SPEAKER_02Yeah, there's I mean, there's entire therapies around that. There's literally a therapy called solution-focused therapy. Where as therapists, we, what's a problem, what's a solution? Let's come up and it's more kind of coaching style of how do we create solutions. And sometimes it's it's gendered, sometimes it's men are more likely to find solutions for problems as opposed to when women are talking, they just want validation or they just want to be heard. They don't want a solution. But in my therapy as a therapist, it becomes a combination because people will come to therapy and will want to work on here's my issue. I want to understand where it comes from, what I can do about it. But the what I can do about it comes, but it comes a little, it takes a lot longer to get there because first we need to dig deep and we need to be explorers together and we need to build and resource you with tools so that you can handle the distressing stuff that you might find.

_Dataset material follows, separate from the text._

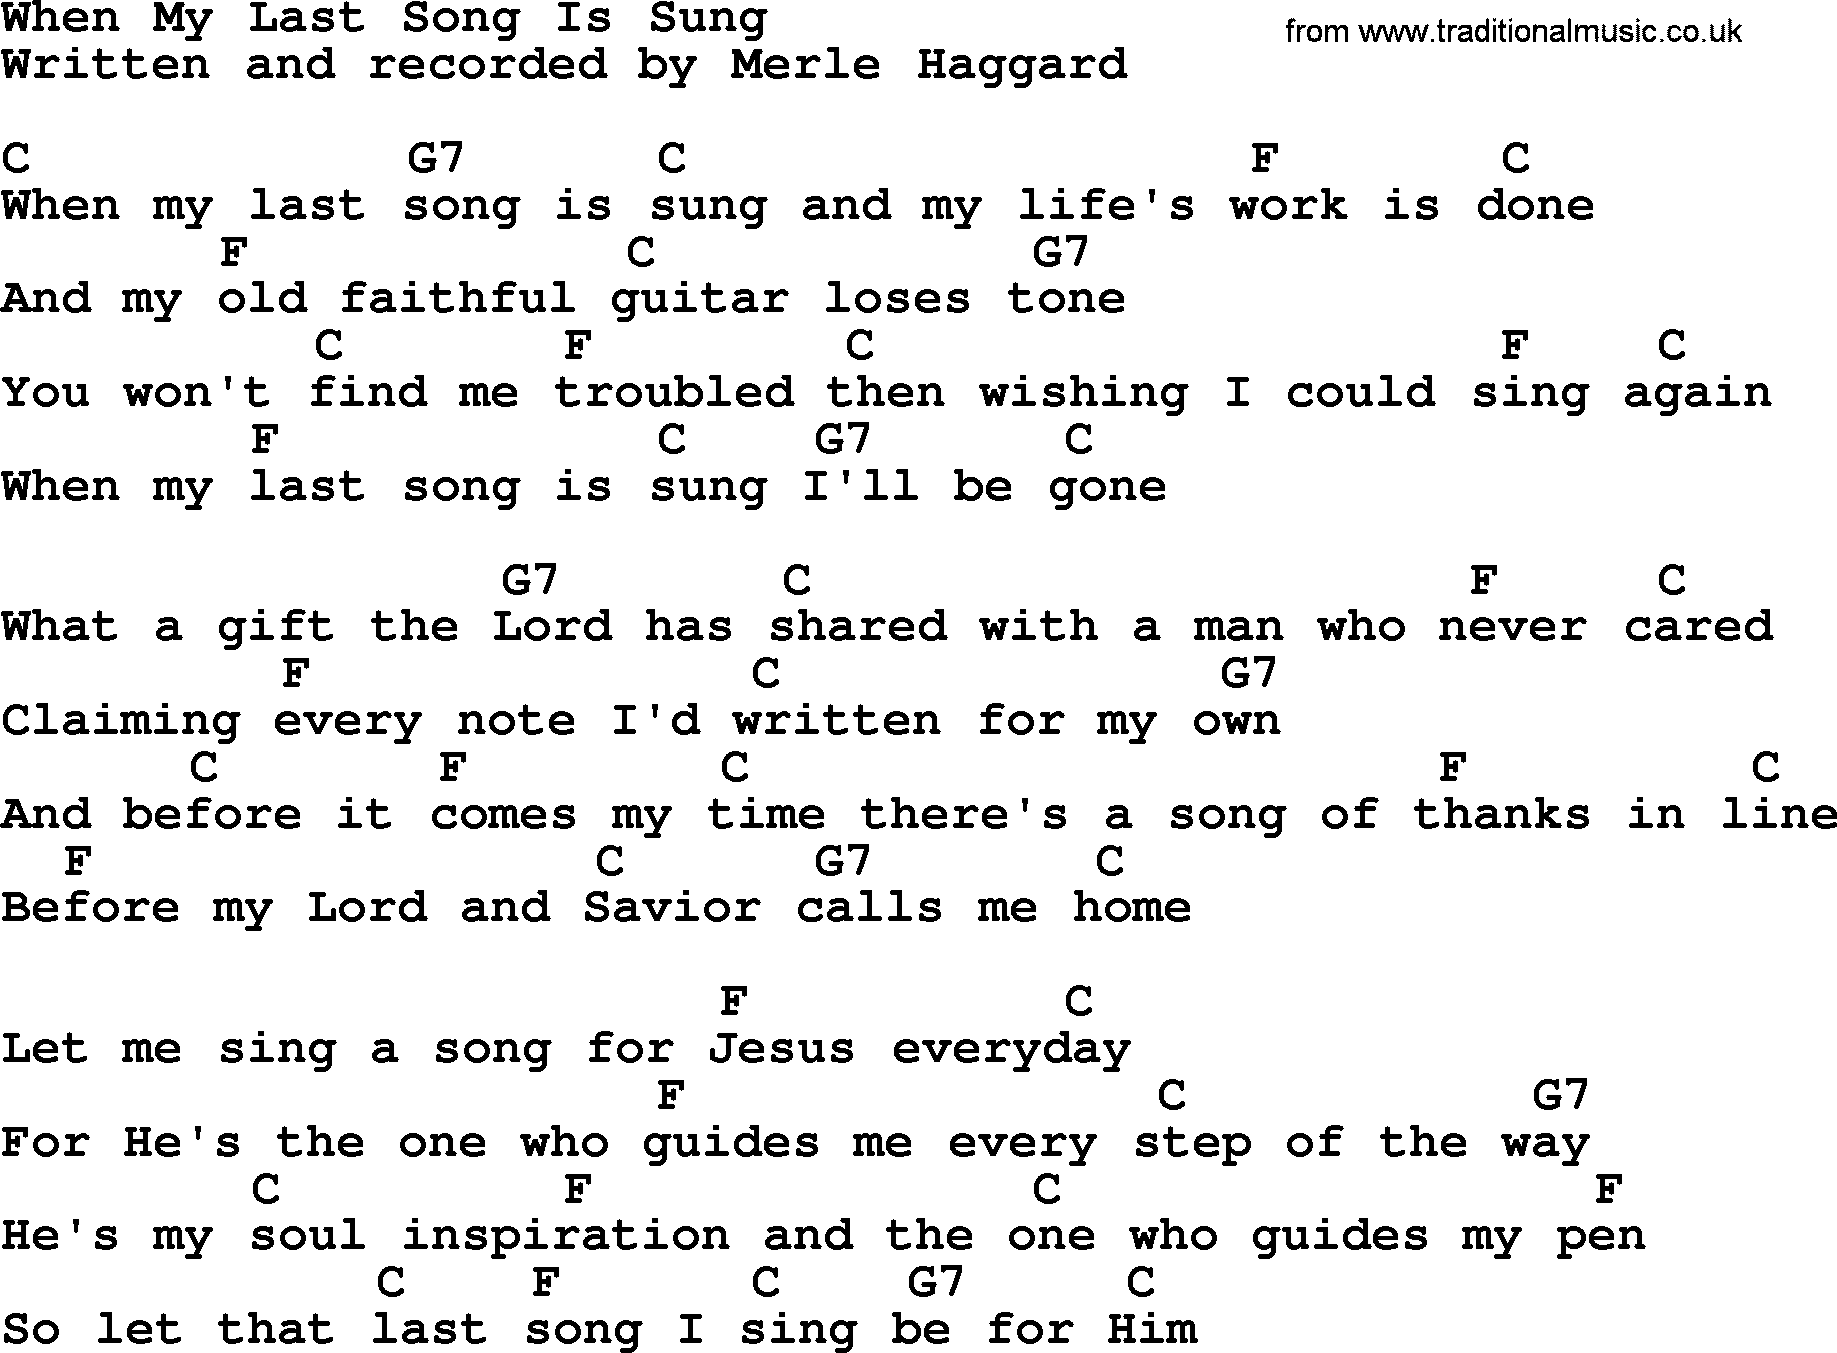 Merle Haggard song: When My Last Song Is Sung, lyrics and chords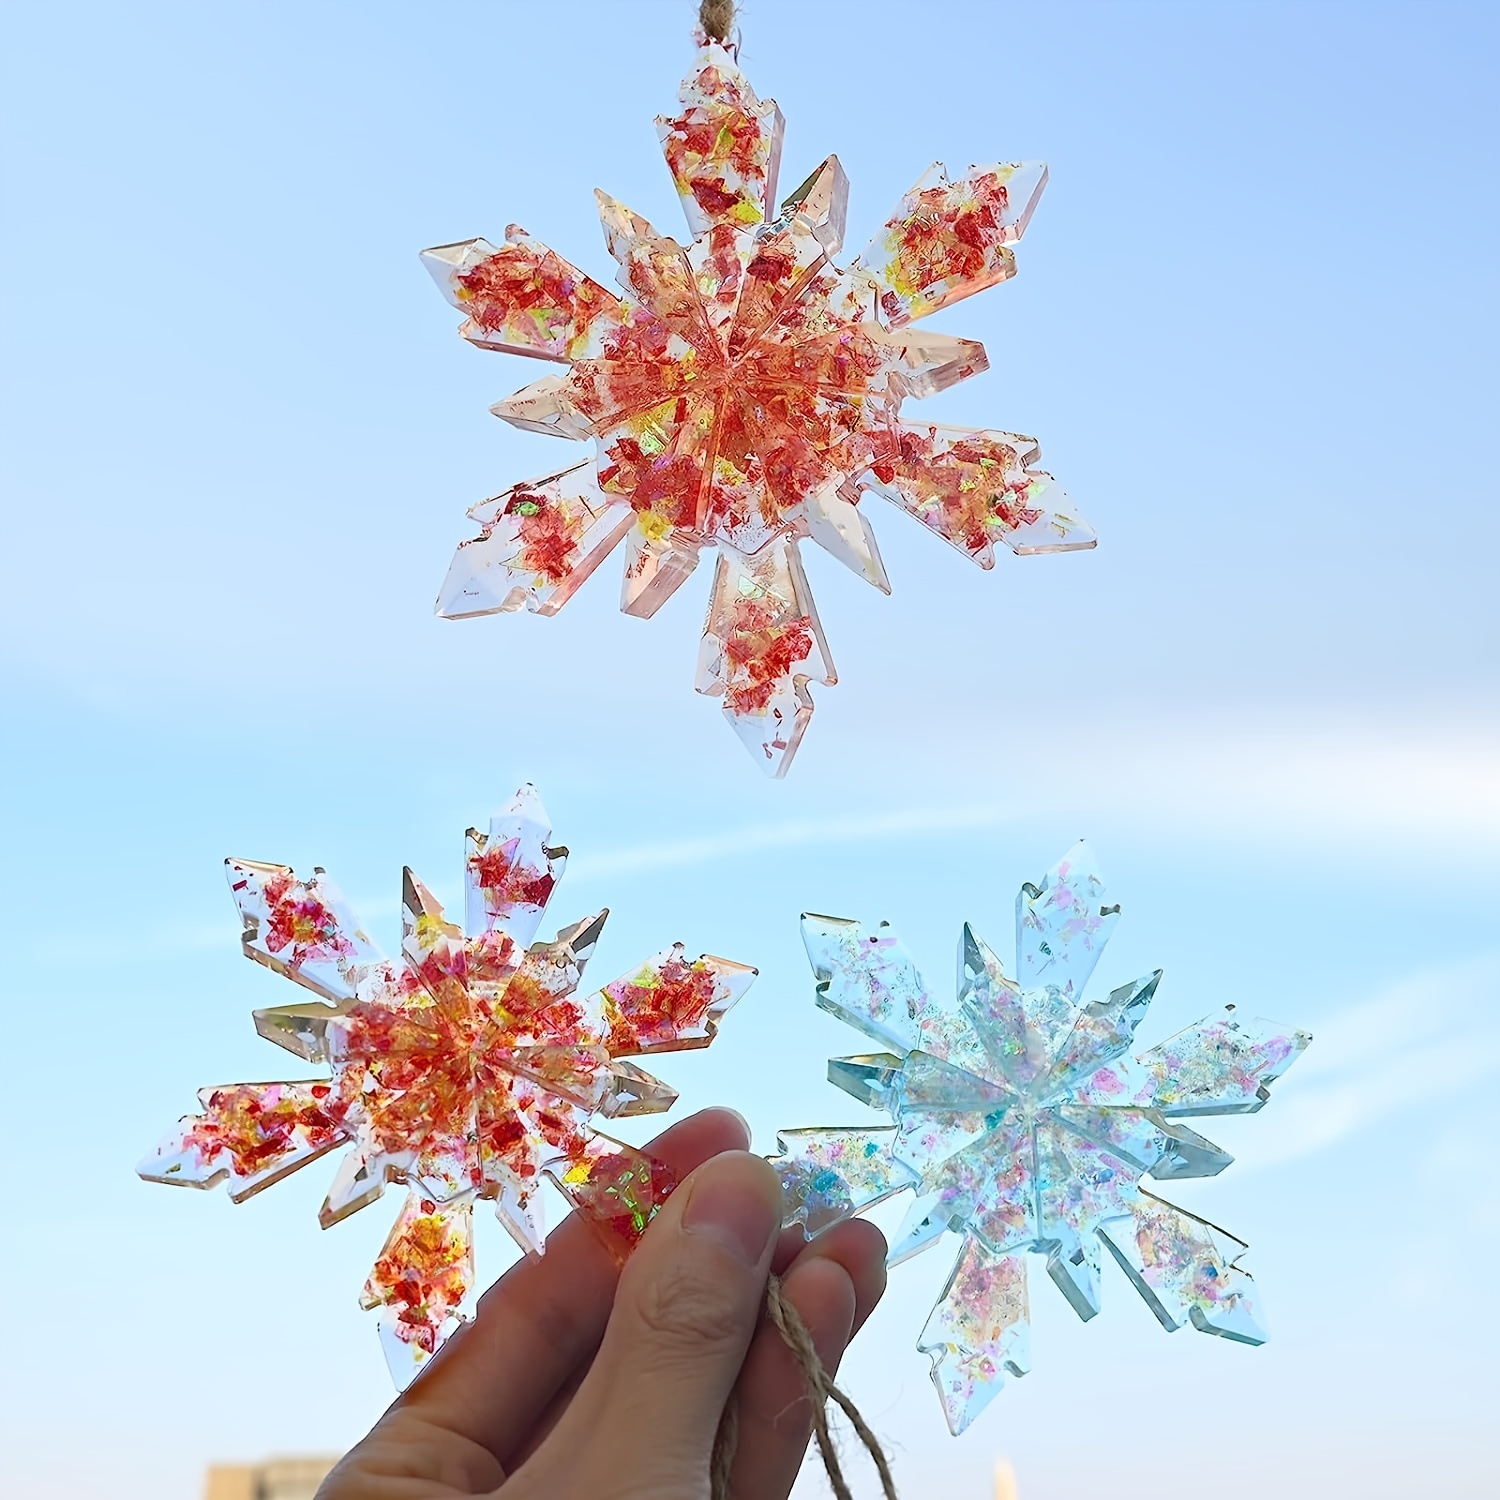 Best Deal for 10 Pair Christmas Resin Molds Snowflake Mold

And then when we find it, then we can figure out okay, how do I tend to this sensation, to this part of me, to this feeling? And that ends up being the solution, but it's lifelong work. It's not just a I do it once and it's done.
SPEAKER_00Yeah. Which I would love if it was that simple. You know, I figure out why I feel away once and then I never deal with it again. Sadly, that's not how anything seems to work.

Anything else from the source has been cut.